Scale behavior (70B+ models) and performance on different RL data (math/code reasoning) have not yet been verified.
Future work: Extending modulation to a "difficulty layer" or "prompt layer" for finer-grained awareness, or upgrading contribution signals from "magnitude" to "gradient norms."
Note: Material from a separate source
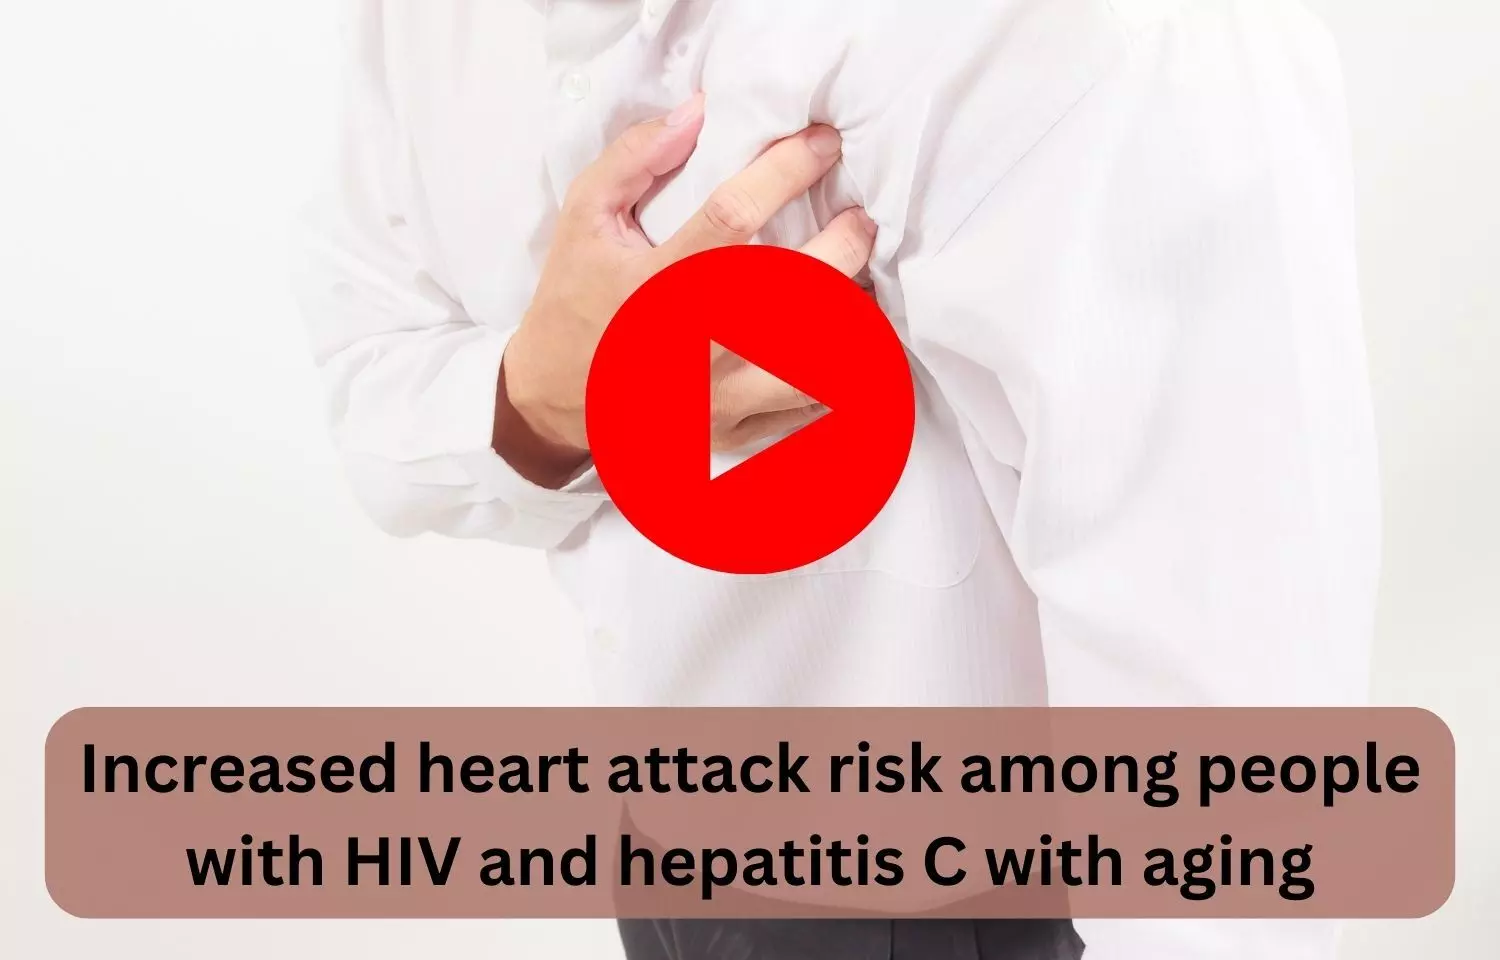 Increased heart attack risk among people with HIV and hepatitis C with aging

vs GRPO (Shao et al., 2024): GRPO only uses intra-group normalization. HARPO adds a layer of heterogeneity-aware advantage modulation without changing the PPO objective.
vs EMAGRPO (Feng et al., 2025): EMAGRPO uses EMA for multi-task balancing at the reward/loss level. HARPO acts directly on the advantage layer with structured constraints to prevent step size drift.
vs Classic Multi-task RL: Unlike methods relying on gradient balancing or uncertainty weighting that require extra parameters or backprop, HARPO follows a lightweight "zero extra parameters" approach.
vs HumanOmniV2 / OmniSapiens RL: Given the same backbone and data, the performance leap of OmniSapiens 2.0 suggests that the RL training paradigm is a more significant bottleneck than backbone or data size in unified behavior modeling.

Rating¶

Novelty: ⭐⭐⭐⭐ Using advantage magnitude for heterogeneity modulation is a clean and effective combination.
Experimental Thoroughness: ⭐⭐⭐⭐⭐ Comprehensive comparisons across 6 RL algorithms, 10 training tasks, 5 held-out tasks, consistency, and human eval.
Writing Quality: ⭐⭐⭐⭐ Clear mathematical derivation, though sensitivity analysis of hyperparameters ($\beta_s, \beta_\rho$) is limited.
Value: ⭐⭐⭐⭐⭐ Provides both a state-of-the-art social behavior model and a plug-and-play module for heterogeneous reasoning RL.